The Wild West of Coding: Why We’re Still Burning Digital Cities


The year 2050 is closer than the year 1990, yet we’re still writing code like it’s the 1800s.

It’s 2025, and while we’ve made incredible strides in software development—automated memory management, static analysis tools, refactoring IDEs, and AI copilots like ChatGPT—it still feels like the Wild West. Sure, the tools are better, but the way we approach software remains chaotic, inefficient, and overly reliant on custom solutions.

Every day, thousands of developers solve the same problems repeatedly. Companies roll out their own authentication systems, file upload handlers, and error trackers. Many of these are flawed. Vulnerabilities creep in because we’re not building resilient systems—we’re building digital bonfires.

This isn’t progress. This is the time before the First Industrial Revolution of Software Development.


Lessons from History: What the Past Teaches About Our Digital Fires

1. The Great Fire of Hamburg (1842): Building Without Safety

In 1842, a quarter of Hamburg burned to the ground. The city’s lack of fire safety standards—wooden buildings, narrow streets, no prevention systems—made disaster inevitable.

Software today mirrors this recklessness:

  • File upload systems without malware checks.
  • APIs with vulnerabilities because “it’s faster to skip security.”
  • Custom-built logging systems without consistency or reliability.

After the fire, Hamburg rebuilt with fireproof materials and strict regulations. We need the same shift in software development: adopting universal standards, secure-by-design frameworks, and centralized tools to prevent disaster before it happens.


2. Electrical Sockets in the Early 1900s: Chaos Without Standards

Before standardization, electrical sockets were a mess. Every region had its own plug type, making interoperability nearly impossible. Plugging in a device often meant wasting time finding the right adapter.

Software development today is no different:

  • APIs lack consistent patterns.
  • Libraries solve the same problem in incompatible ways.
  • Developers reinvent logging, error handling, and authentication with every project.

The solution? Standardized, language-agnostic tools—the equivalent of universal plug designs. Imagine APIs and services that integrate seamlessly across languages and frameworks:

  • Centralized logging and error tracking APIs, similar to Sentry but designed for internal use with cross-language compatibility.
  • High-performance Unix socket APIs for tasks like logging, monitoring, and file scanning.
  • Shared SDKs for foundational needs like security or metrics collection.

By building shared infrastructure, we could eliminate redundant work and improve reliability across projects.


3. The Facade Problem: Buying Software for Looks, Not Stability

Imagine buying a house because the facade looks amazing but never checking the foundation. That’s how most software is evaluated today:

  • Buyers focus on flashy UIs and marketing demos.
  • Security, scalability, and maintainability are often ignored.

This approach leads to brittle, insecure systems. What’s missing? Inspectors for digital bridges—specialized roles that assess software foundations, enforce accountability, and ensure systems are solid beneath their shiny exteriors.

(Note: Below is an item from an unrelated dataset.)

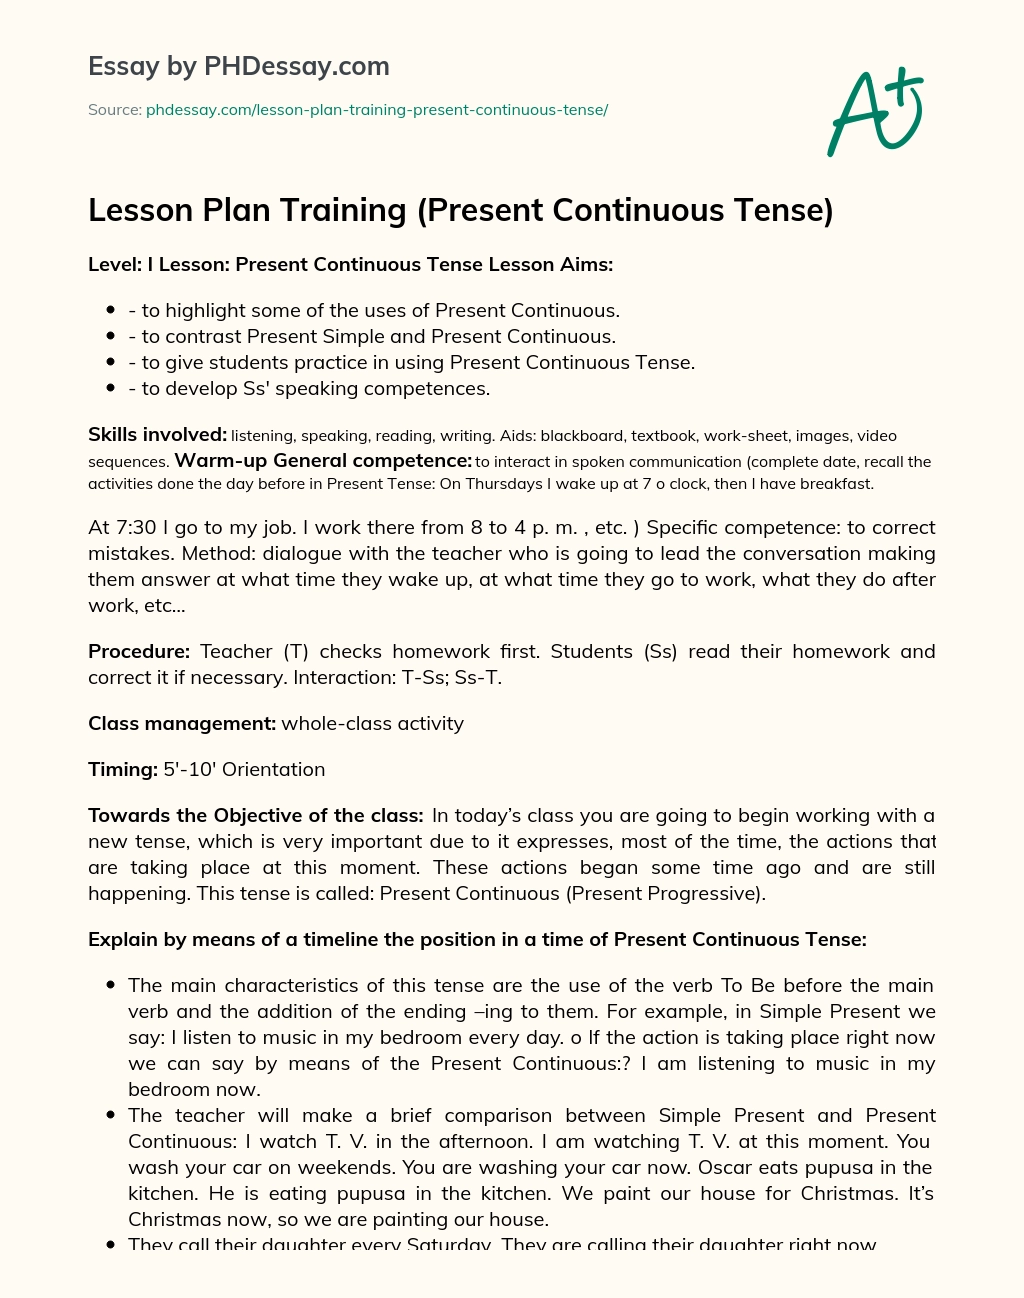 Lesson Plan Training (Present Continuous Tense) essay

Moving Toward the First Industrial Revolution of Software Development

The Industrial Revolution replaced handcrafting with standardization and mass production. Software development is still stuck in its pre-industrial phase:

  • Custom solutions are built repeatedly for the same problems.
  • Accountability is rare—no one ensures the “bridge” (software) is stable before it’s deployed.

To mature as an industry, we need:

1. Universal Blueprints

Developers today still create bespoke solutions for common problems. We need standardized tools and APIs, such as:

  • A unified SDK for antivirus scanning, accessible via /usr/sbin/antivirus or unix:///var/run/antivirus.
  • Centralized APIs for error tracking, metrics, and monitoring, with cross-language support.

2. Specialized Roles

In the 19th century, collapsing bridges led to the creation of specialized roles: architects for design, builders for execution, and inspectors for safety. Software teams need similar specialization:

  • System Inspectors to evaluate software for security, scalability, and maintainability.
  • Digital Firefighters to enforce standards and proactively address vulnerabilities.

3. Accountability

When a bridge collapses, someone is held responsible. In software, failures are often patched silently or ignored. We need:

  • Transparency: Bugs and vulnerabilities must be documented openly.
  • Retrospectives: Focused on systemic improvements, not just quick fixes.

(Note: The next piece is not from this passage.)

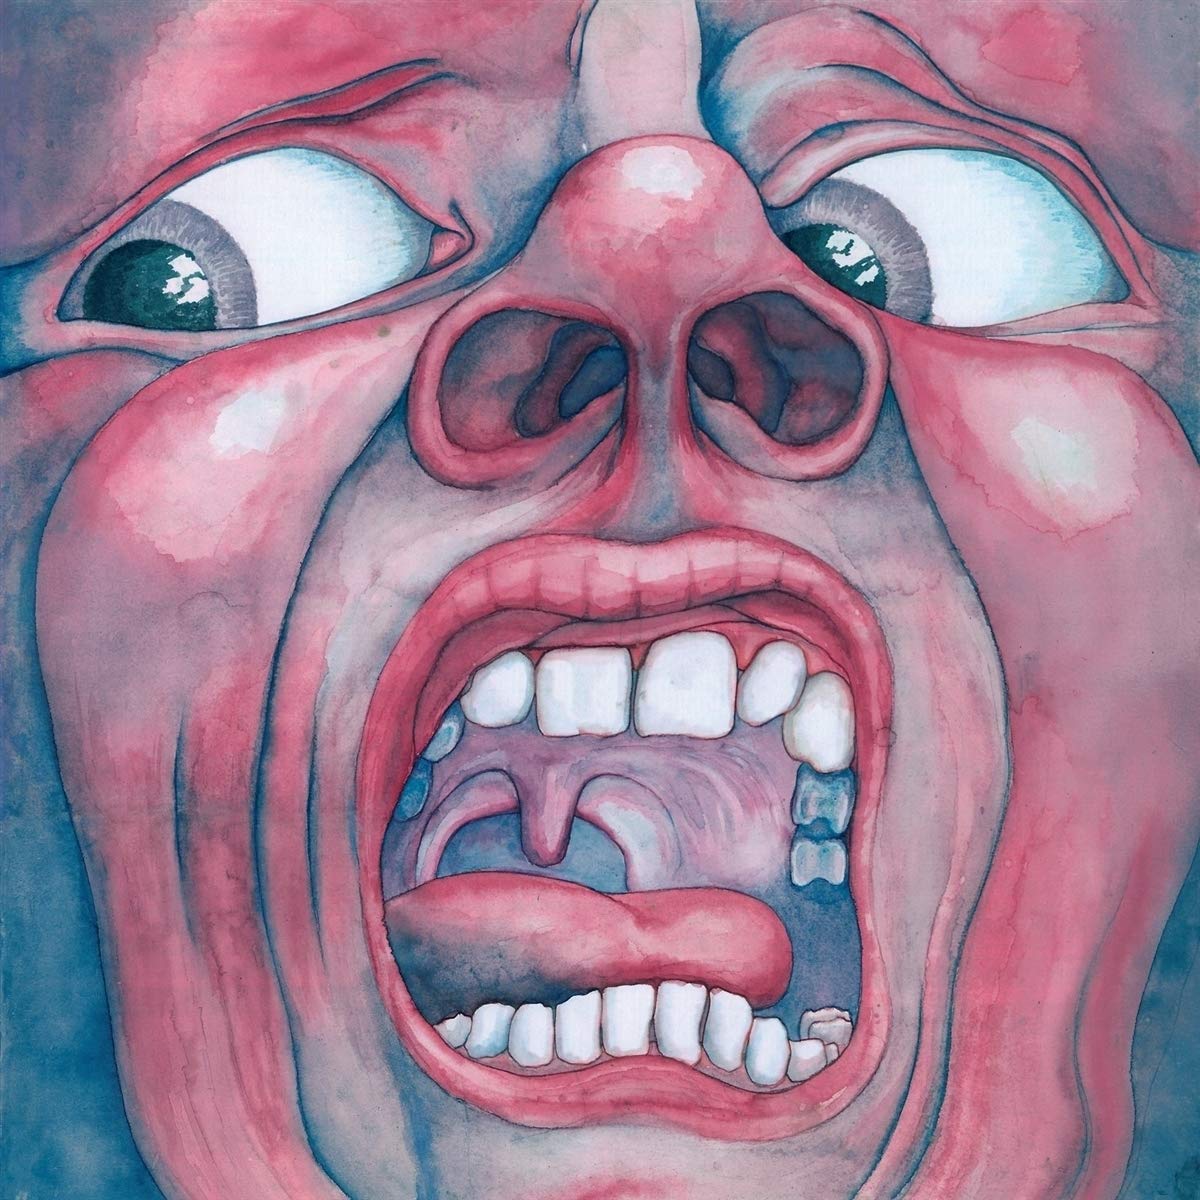 King Crimson — 21st Century Schizoid Man cover artwork

Building Digital Cities That Don’t Burn

Imagine a future where software is built like modern cities:

  • Fireproof Systems: Universal standards for security, maintainability, and testing.
  • Digital Firefighters: Publicly funded teams safeguarding critical infrastructure.
  • Inspectors for Digital Bridges: Specialized roles ensuring software is built to last.

AI tools like GPT can help accelerate this process, but they are not the solution. AI is like the steam engine of programming—amplifying productivity but requiring skilled operators. If we don’t lay the right foundations, AI will only magnify our inefficiencies.

This future isn’t about writing more code—it’s about creating resilient, scalable systems that stand the test of time. The tools to build fireproof digital cities are already here. The question is: are we ready to use them?


Let’s move beyond the Wild West of coding and into the Industrial Revolution our industry desperately needs. It’s time to stop building bonfires and start building something that lasts.

Legacy Codebase: A Love Story

After some years, working with a > 10 years old legacy PHP codebase, I can truly say: you can escape the legacy codebase and introduce whatever is helpful, in a well-maintained system.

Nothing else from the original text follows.